К фальшивой оценке Пушкина как учителя древней мудрости и пророка новой или обновленной античной красоты привязывается (довольно искусственно и нескладно) давнишний взгляд на его гибель как на роковое следствие его столкновения с враждебною общественною средой. Но общественная среда враждует обыкновенно с теми людьми, которые хотят ее исправлять и перерождать. У Пушкина такого желания не было; он решительно отклонял от себя всякую преобразовательную задачу, которая, действительно, вовсе не шла бы к нему. При всем различии натур и характе
193
ров, Пушкин все-таки был более похож на Гете, чем на Сократа, и отношение к нему официальной и общественной русской среды было более похоже на отношение Германии к веймарскому олимпийцу, нежели на отношение афинской демократии к Сократу,- да и Сократ мог свободно прожить среди этой демократии до семидесятилетнего возраста.
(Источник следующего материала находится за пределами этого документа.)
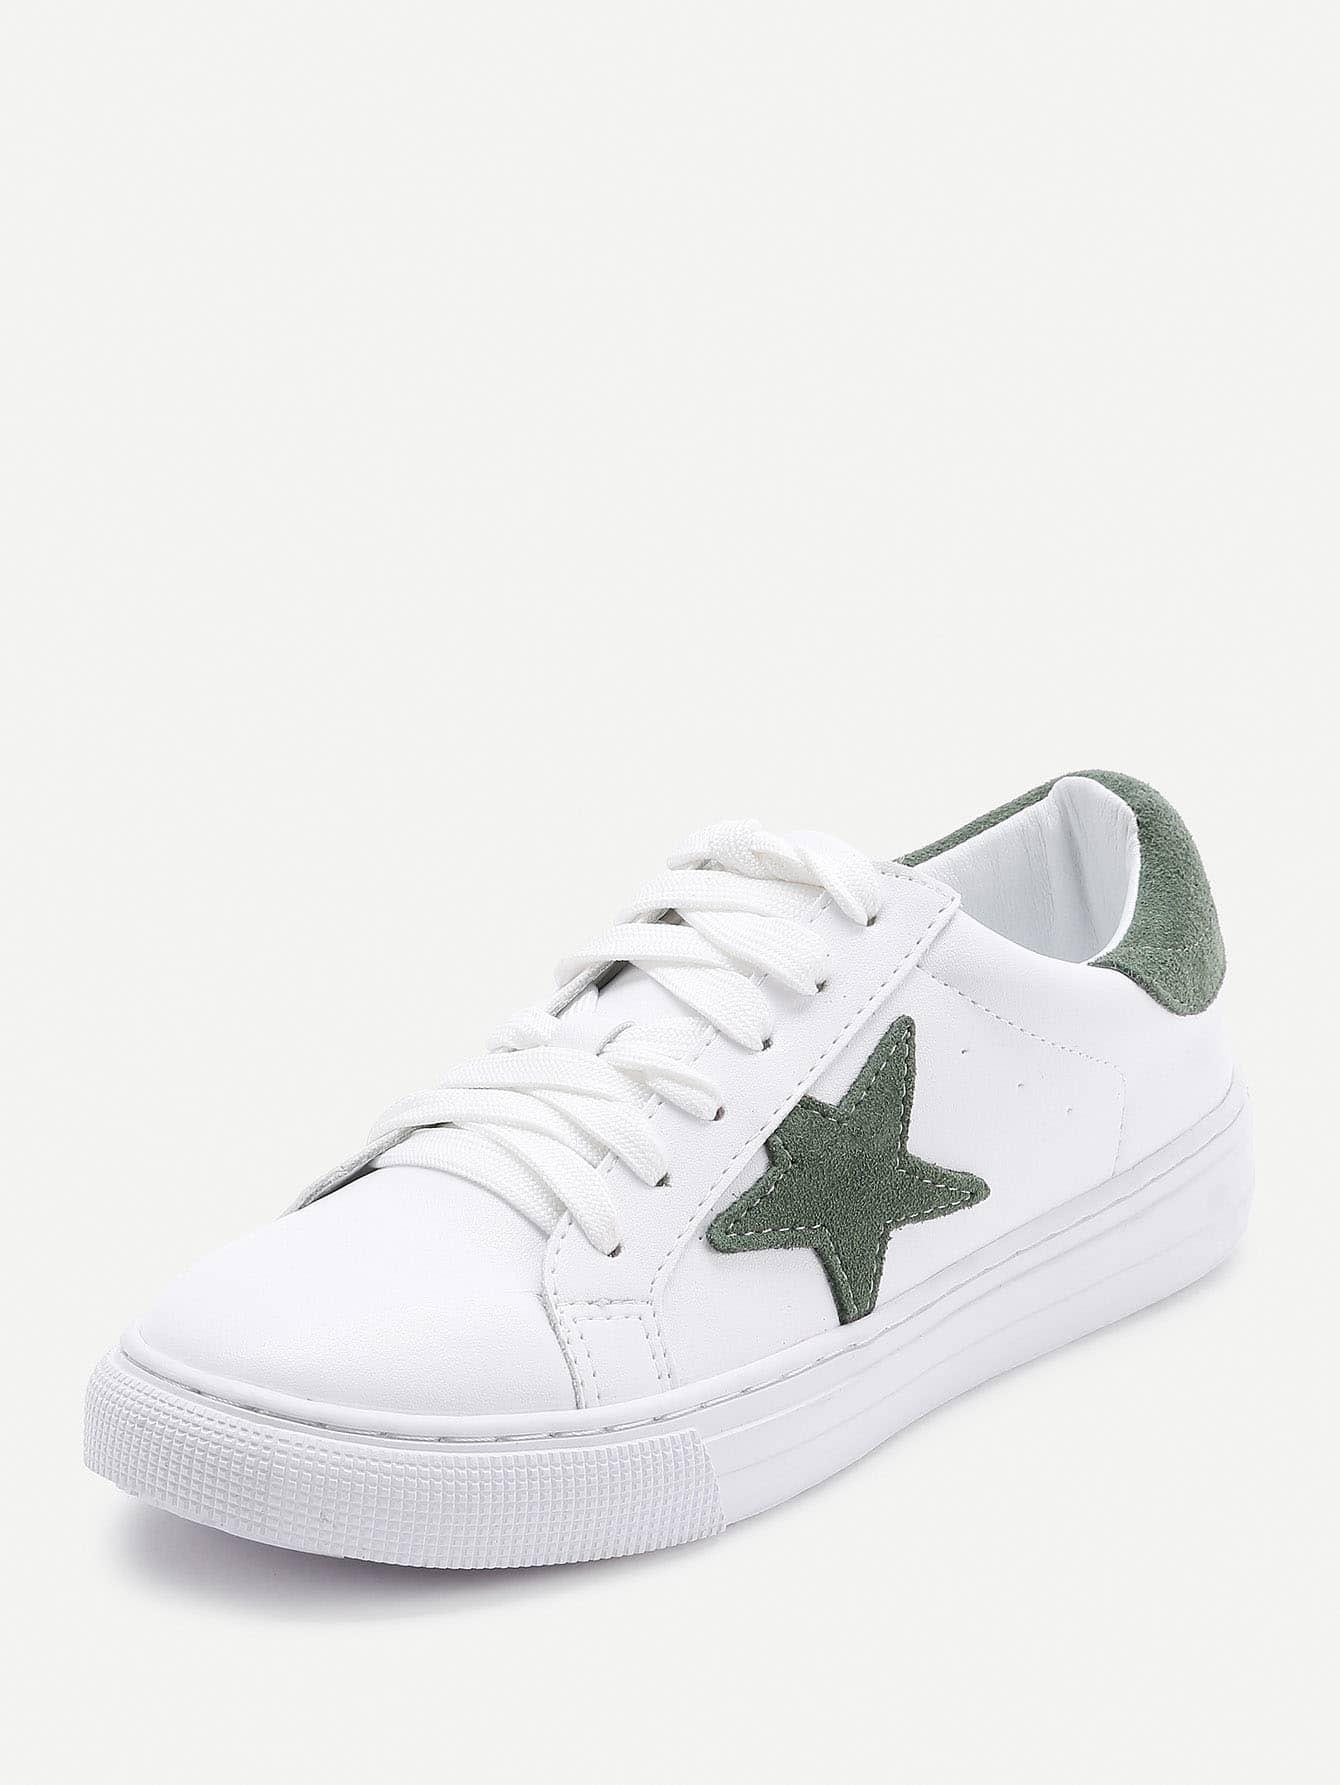 shoes170328803_2

Вообще, столкновение лица с обществом должно быть слишком принципиально глубоким, чтобы делать кровавую развязку безусловно необходимою, объективно неизбежною. Во всей истории человечества это случилось, кажется, не более одного раза, да и спор шел, собственно, не между лицом и обществом, а между богом и "князем мира сего". Впрочем, насколько мне известно, даже самые ярые панегиристы Пушкина не вспоминали о Голгофе по поводу его дуэли; и действительно, несчастный поэт был менее всего близок к Христу тогда, когда стрелял в своего противника.